O raro vento que sopra
no Rio em chamas de agora
acarinhou os cabelos de uma moça
que conversava com seu namorado,
justo na porta do bar em que eu estava.
Ele não se sentiu enciumado.
Pelo contrário: achou graça
e, com a ponta dos dedos,
ajeitou
um fio ou outro em frente aos lábios dela
e ambos se encontraram, num beijo de novela.
Simples, corriqueiro, tolo. Eu sei.
Mas como me doeu, Coisa Amada,
ver duas almas de mãos dadas,
e não ter mais você.
(Filipe Couto)
– Você tem um ar triste...
(Ela me disse.)
– É que, no momento em que te encontrei, soube também
que já havia te perdido.
Por isso, fico assim: em permanente luto;
por nós, pelo mundo.
Deixo de lado o verão, as praias (sol e céu),
dinheiro, obrigações de filho, de amigo,
e desatino a escrever versos
que jamais serão lidos,
porque jamais os mostrarei.
Sim, sou triste.
E feliz.
É assim que vivo.
O diagnóstico não soa lá muito lógico, eu sei.
Fazer o quê...?
Somos todos únicos: sou a única testemunha
da minha própria loucura.
(Filipe Couto)
Por quase 14 bilhões de anos esperei por ela.

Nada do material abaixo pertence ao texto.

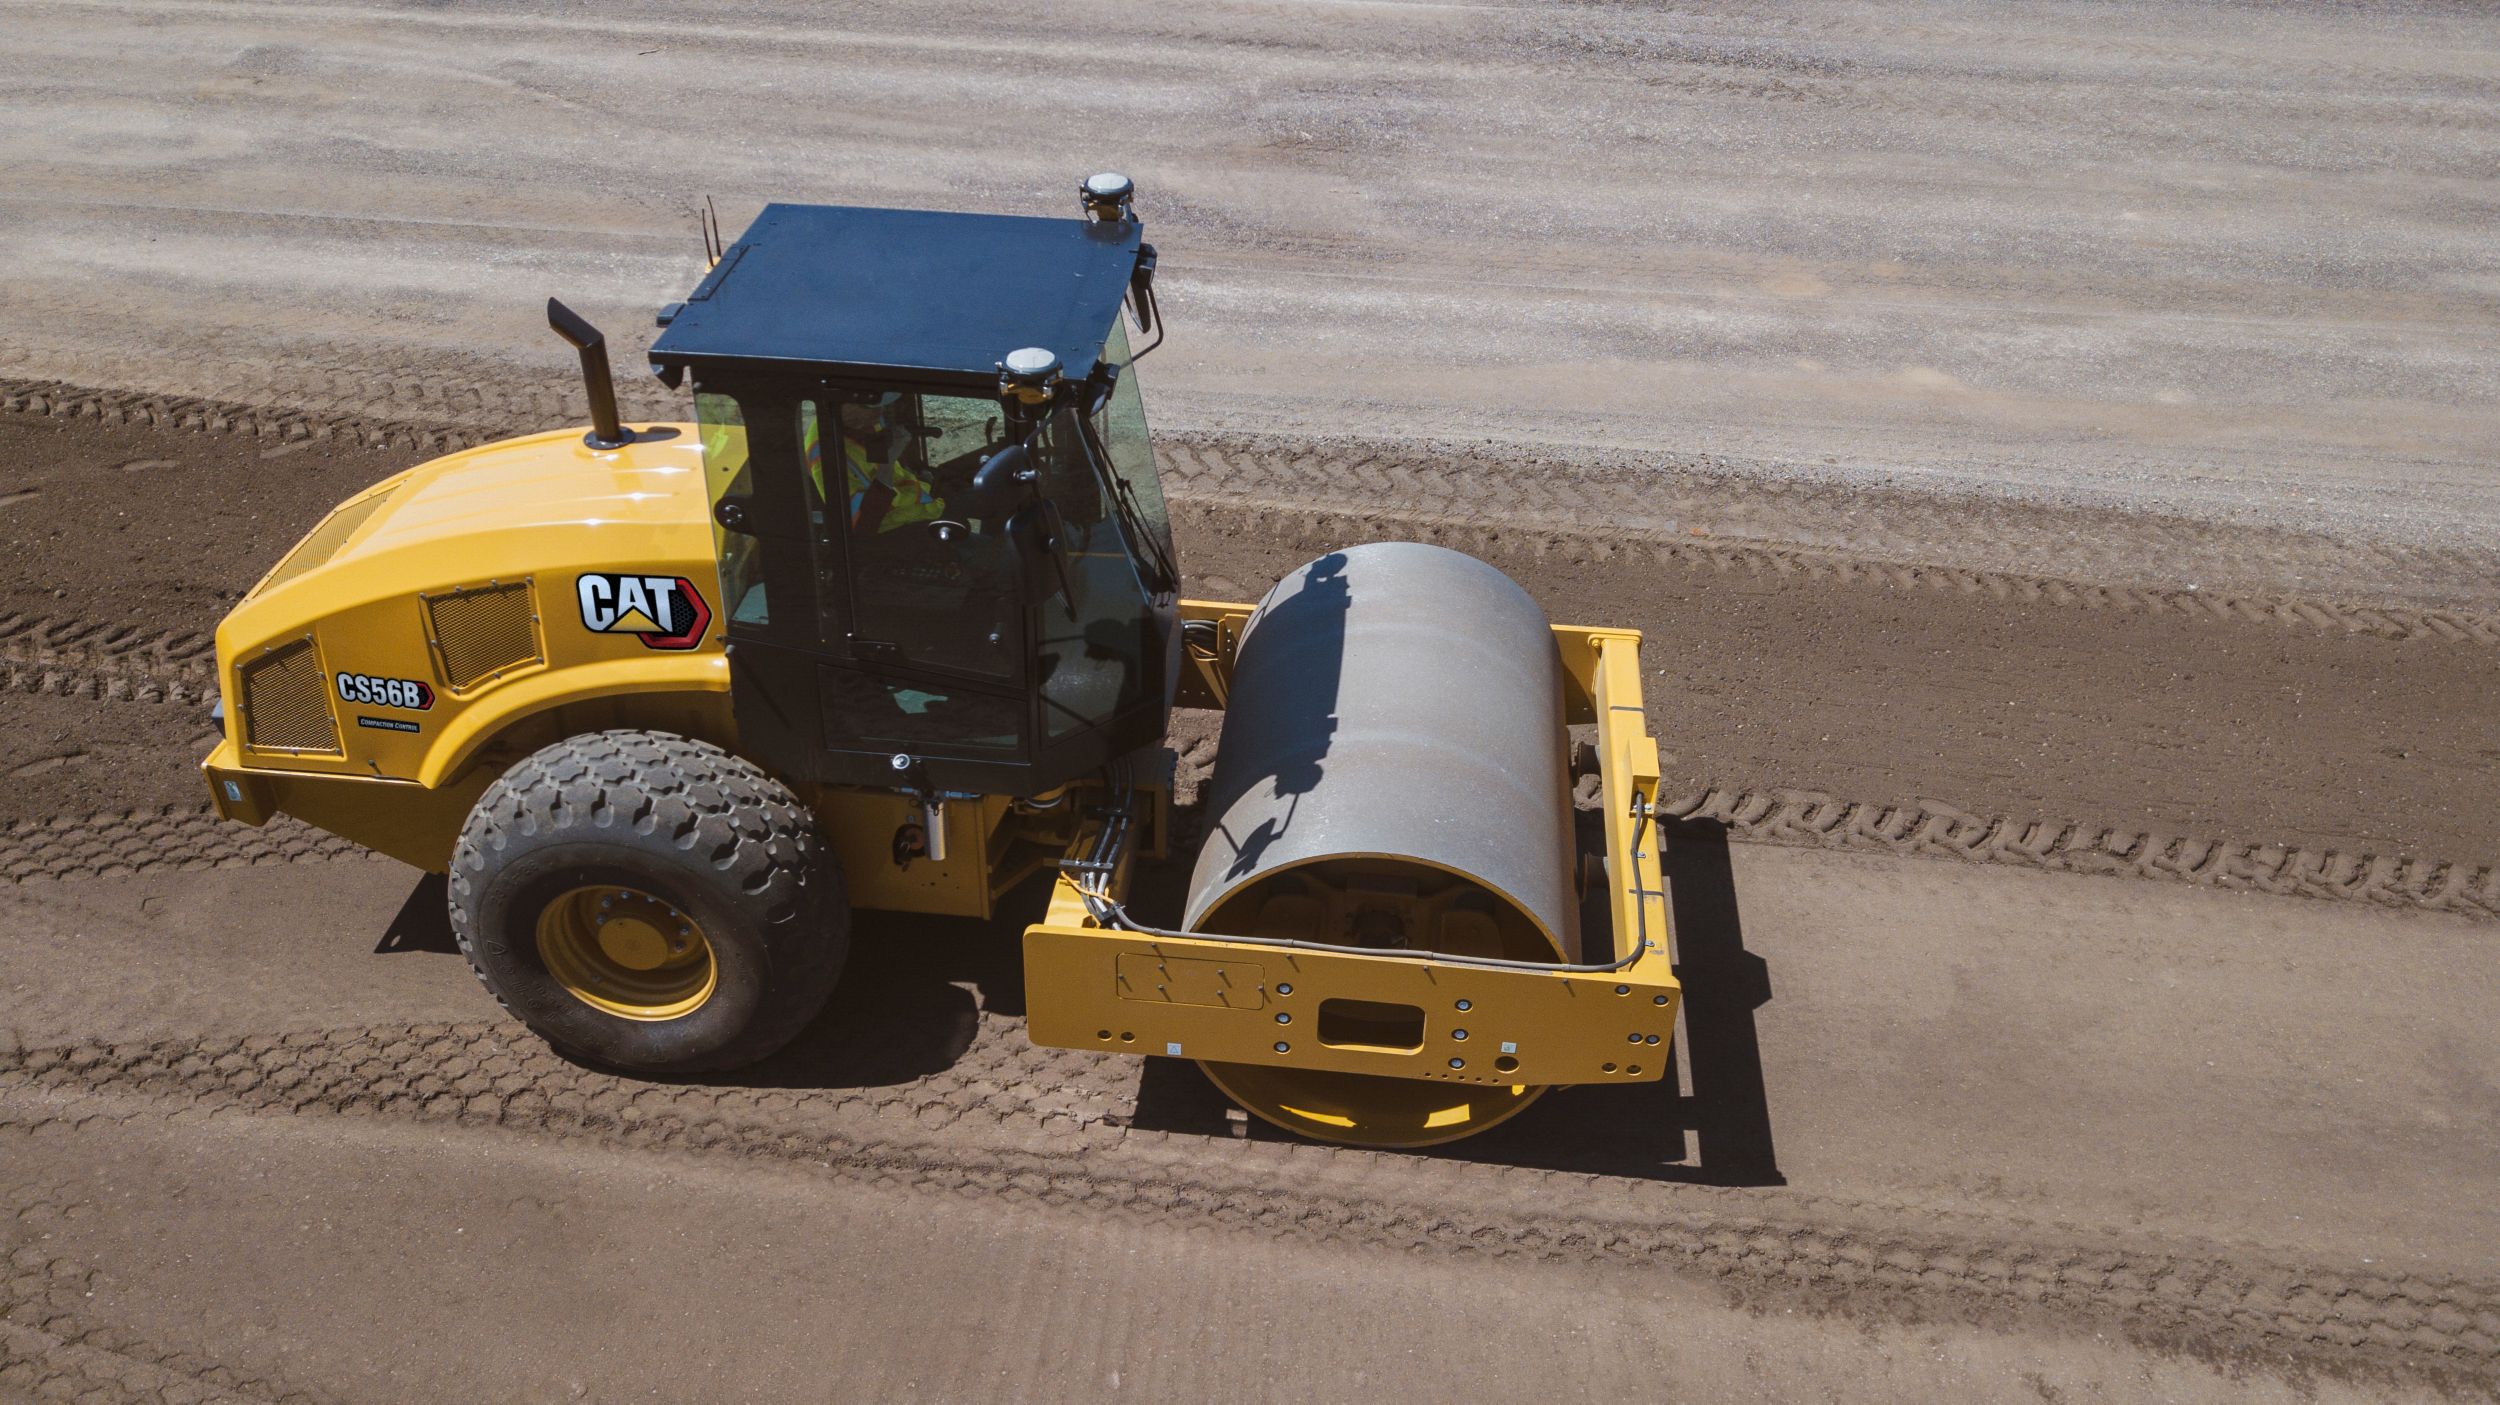 Consistent Compaction through Automation Technology

Desde que o universo era apenas brilho,
desde que não havia ainda o 'antes'.
Claro, já houve cometas
rasgando o céu do meu peito;
houve estrelas e estrelas,
em torno das quais gravitei desejos.
Só não houve 'ela':
minha casa, meu planeta,
minha quintessência,
minha constante perfeita
neste Plano sem pé, nem cabeça.
Eu, que já fui
(quem me dera voltar a sê-la...)
matéria densa e acesa.
(Filipe Couto)
Poema de Natal
Era ainda manhã, quando comecei a procurar
o que escrever sobre esta véspera.
Eis que só agora, quase finda a espera,
ocorreu-me que nada se pode dizer.
Sim, nada.
Há algo de maravilhoso e suave no silêncio
que entrecorta os encontros do dia,
as histórias novas e as repetidas,
os risos compartilhados,
os abraços e os beijos de amores, amigos, família.

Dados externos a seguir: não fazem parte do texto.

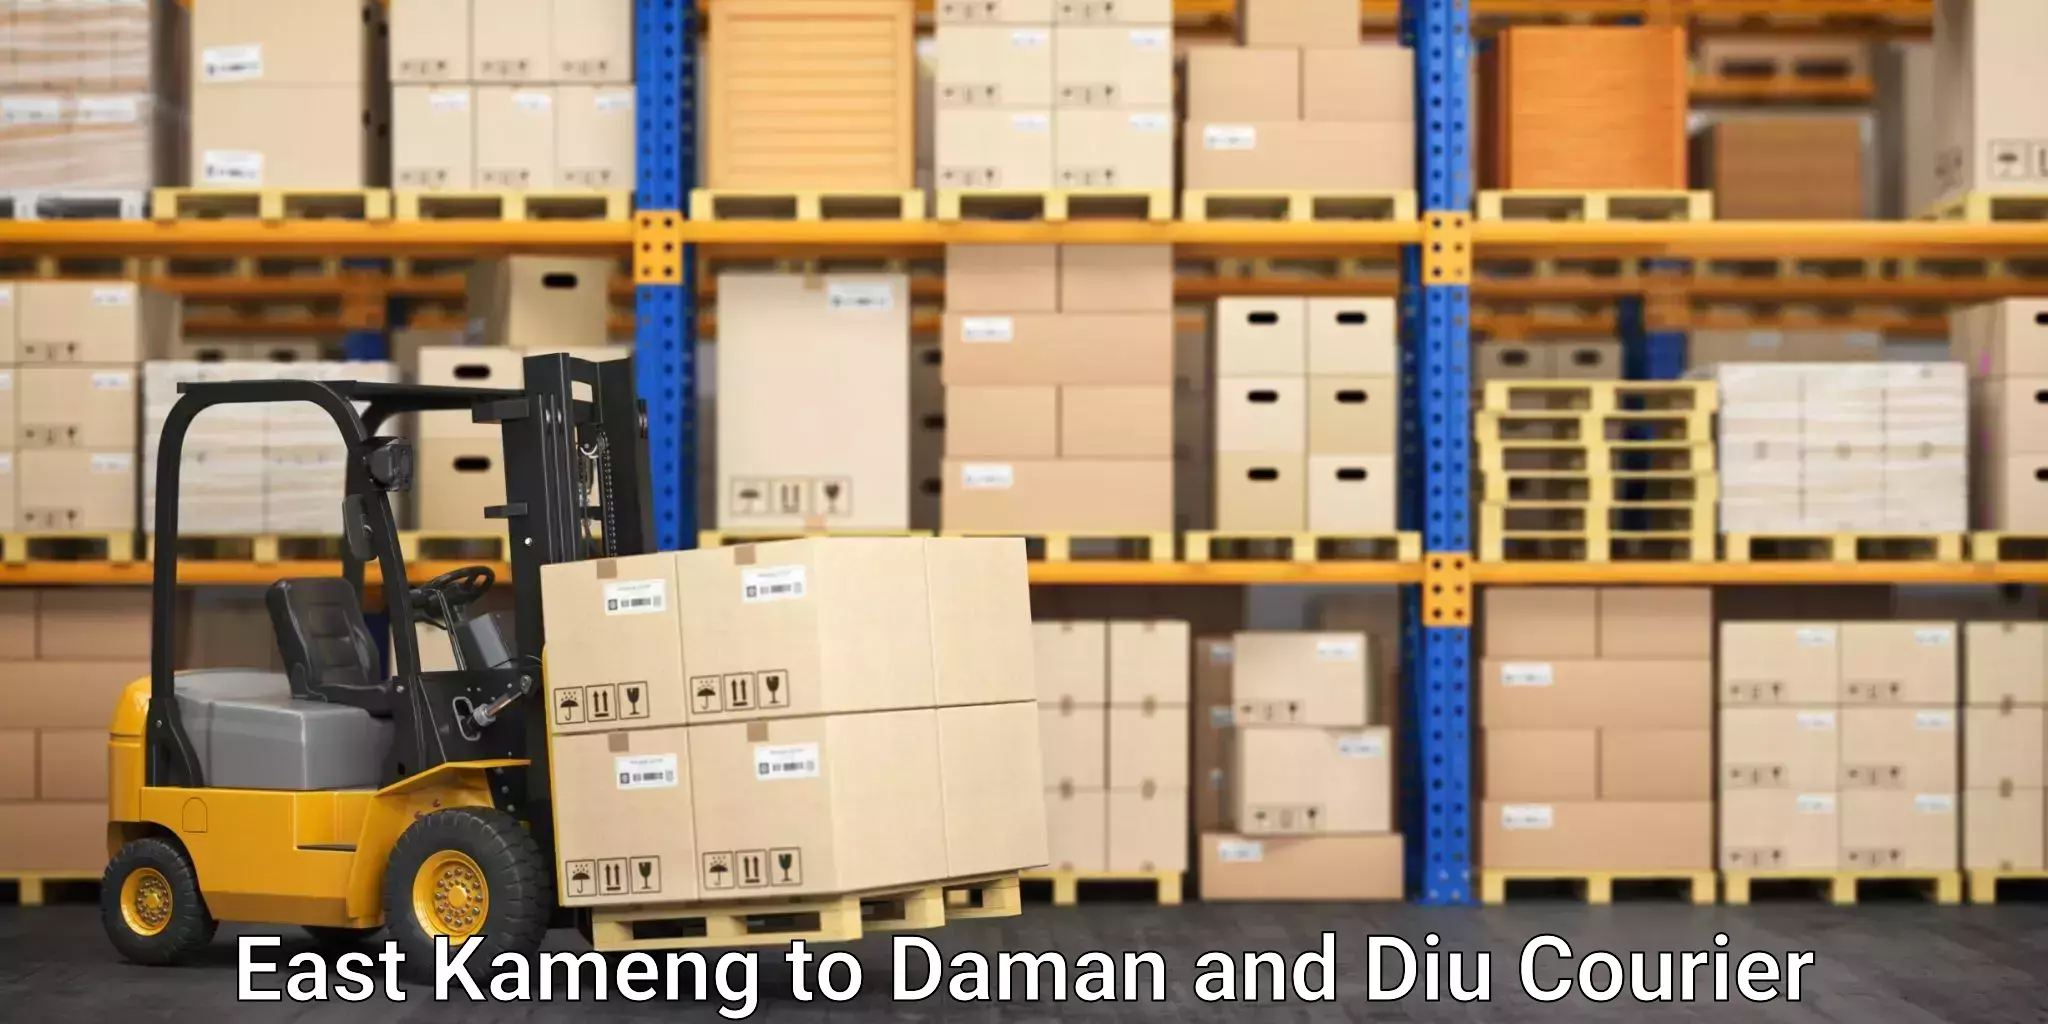 Secure freight services in East Kameng to Daman and Diu

É nesse breve espaço de espontaneidade genuína,
distante dos presentes, dos protocolos e da hipocrisia,
que mora - e renasce sempre, pleno de alegria -
Deus.
(Filipe Couto)
Era uma tarde quente (dessas que
o Rio nos reserva em dezembro),
e eu respirava mar
quando uma onda se quebrou
bem à minha frente.
Tentei escutá-la, entender
o que, em estrondo, ela dizia.
Nada.
Pedi ajuda a poetas dos mares: Camões,
Pessoa, Cecília, Vicente, Caymmi, Sophia.
Nada.
Tudo que a onda dizia me era inaudível
e afogava minha fantasia:
era um mundo todo novo que se abria,
um mundo tão perigoso que não me deixava alternativa:
prendi-o.
Hoje ele agoniza com porta trancada, chave passada,
n'alguma cela escondida dentro de mim.
Eu, que só quero um mar sereno,
onde meu sonho possa nadar em silêncio
e paz.
(Filipe Couto)
Somos o que somos e o que não somos:
nós somos o que somos e o que parecemos ser.
O lado de fora (da casca, dos olhos, das palavras),
esconde algo tenebroso, horrendo: o lado de dentro.
O lado de fora preenche o mundo (e a Terra é imensa);
o lado de dentro mal cabe em nós mesmos, de tantas tormentas.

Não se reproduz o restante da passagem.